Experiment 18: best config long run
Figure from Opus's Connect Four optimization report. Note that it's optimizing based on a clearly noisy metric in peak elo.

My main criticisms: it optimized peak Elo rather than a smoothed metric, most experiments were brute-force sweeps of simple hyperparameters rather than deeper investigations, and it didn’t analyze why the agent was losing to specific opponents.

Takeaways

  1. When the task is easily-evaluatable, such as performance optimization, Opus is already good enough. In the C implementation, it correctly identified that training wasn’t reaching expected performance, designed a test, and dug into the code to find all three bugs - something that surprised me a bit.
  2. The model has surprisingly bad behavior in some important areas, such as evaluation and hyperparameter tuning.

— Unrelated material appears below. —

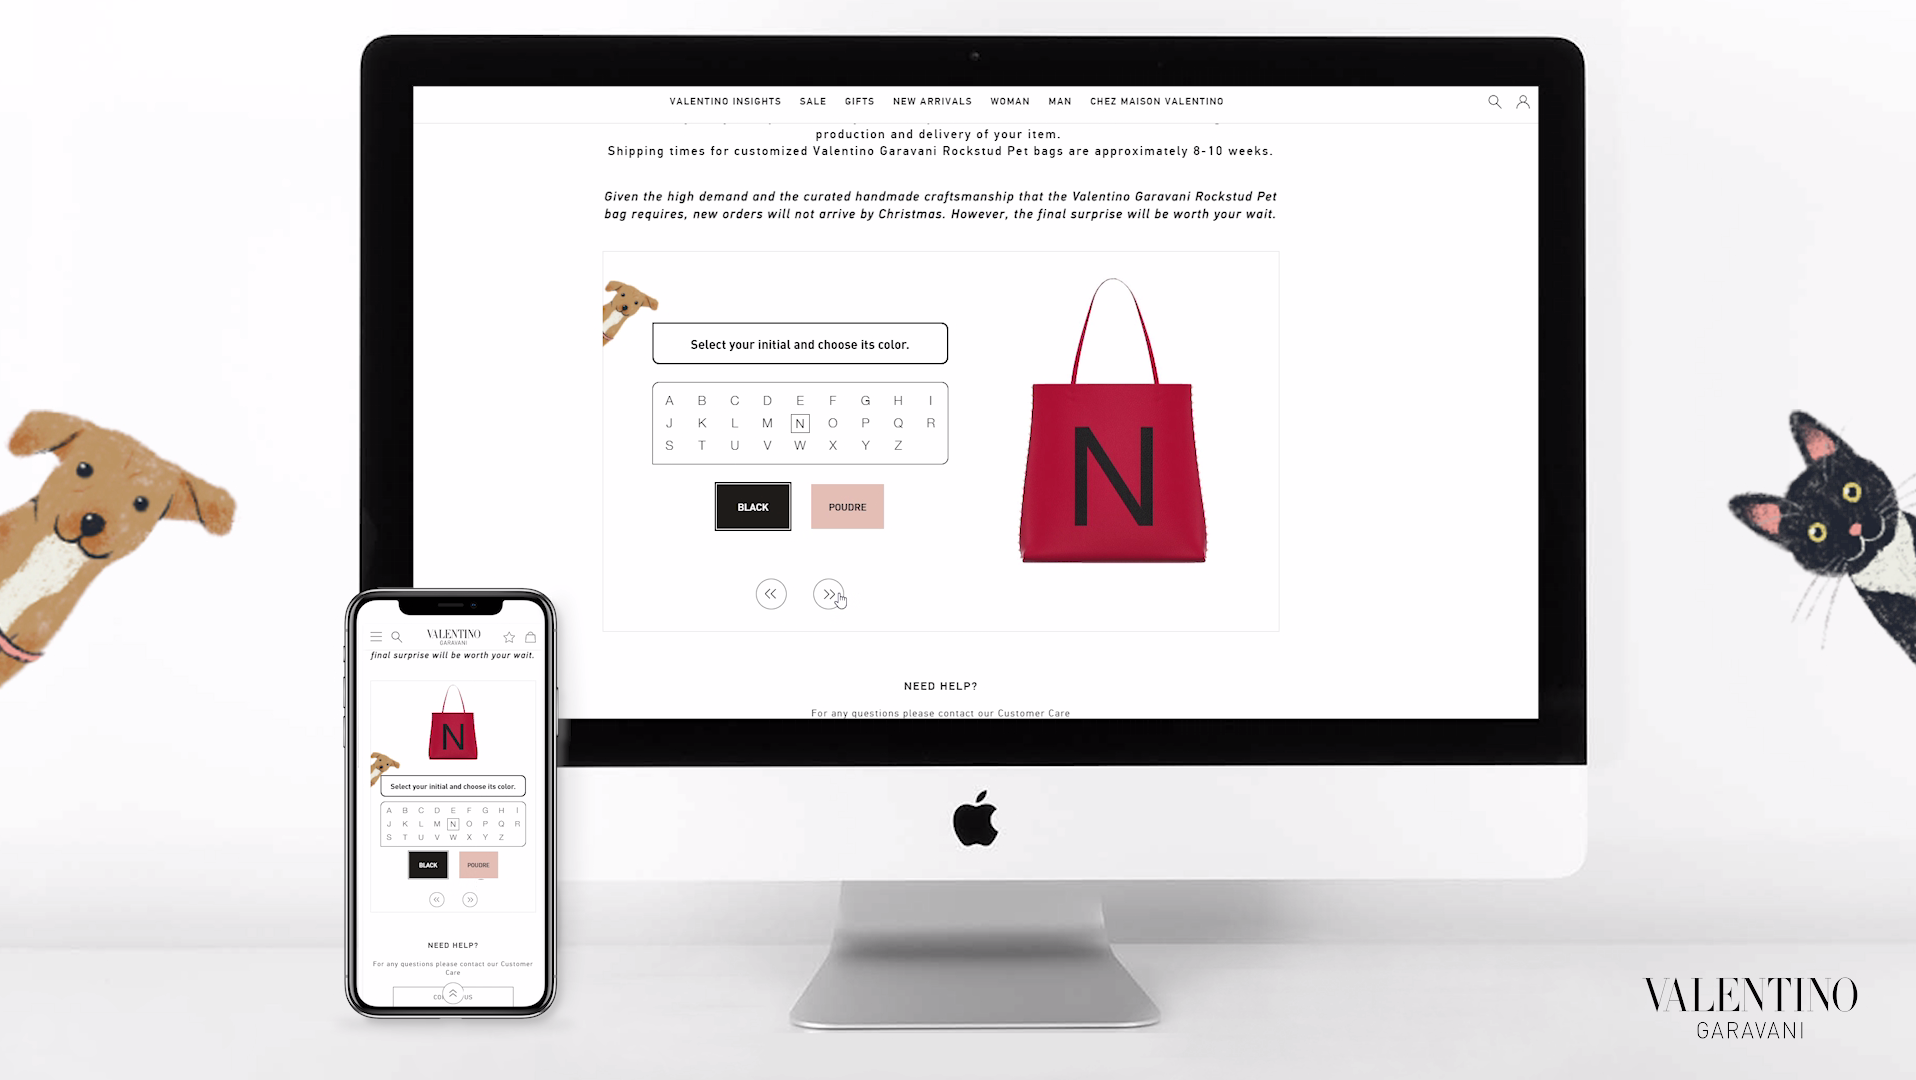 3d configurator for bags, Valentino Rockstud pet customization experience

It uses single seeds, reports noisy metrics, and often tries an idea once and moves on without understanding why it failed. I also caught it writing scripts that run training, plot results, and generate the report all in one go, meaning it wrote commentary on results it hadn’t looked at.
  3. Research taste is still pretty off. Opus doesn’t have a strong simplicity bias and sometimes tries overly task-specific solutions. Codex is worse for that. It also chose outdated defaults (plain ReLU MLP) that immediately improved when I suggested layernorm, residual connections, and GELU. This is something that I think could be improved through some high quality human data.

  1. The prompts are all super informal and not well thought out. That’s just how I interact with Claude Code!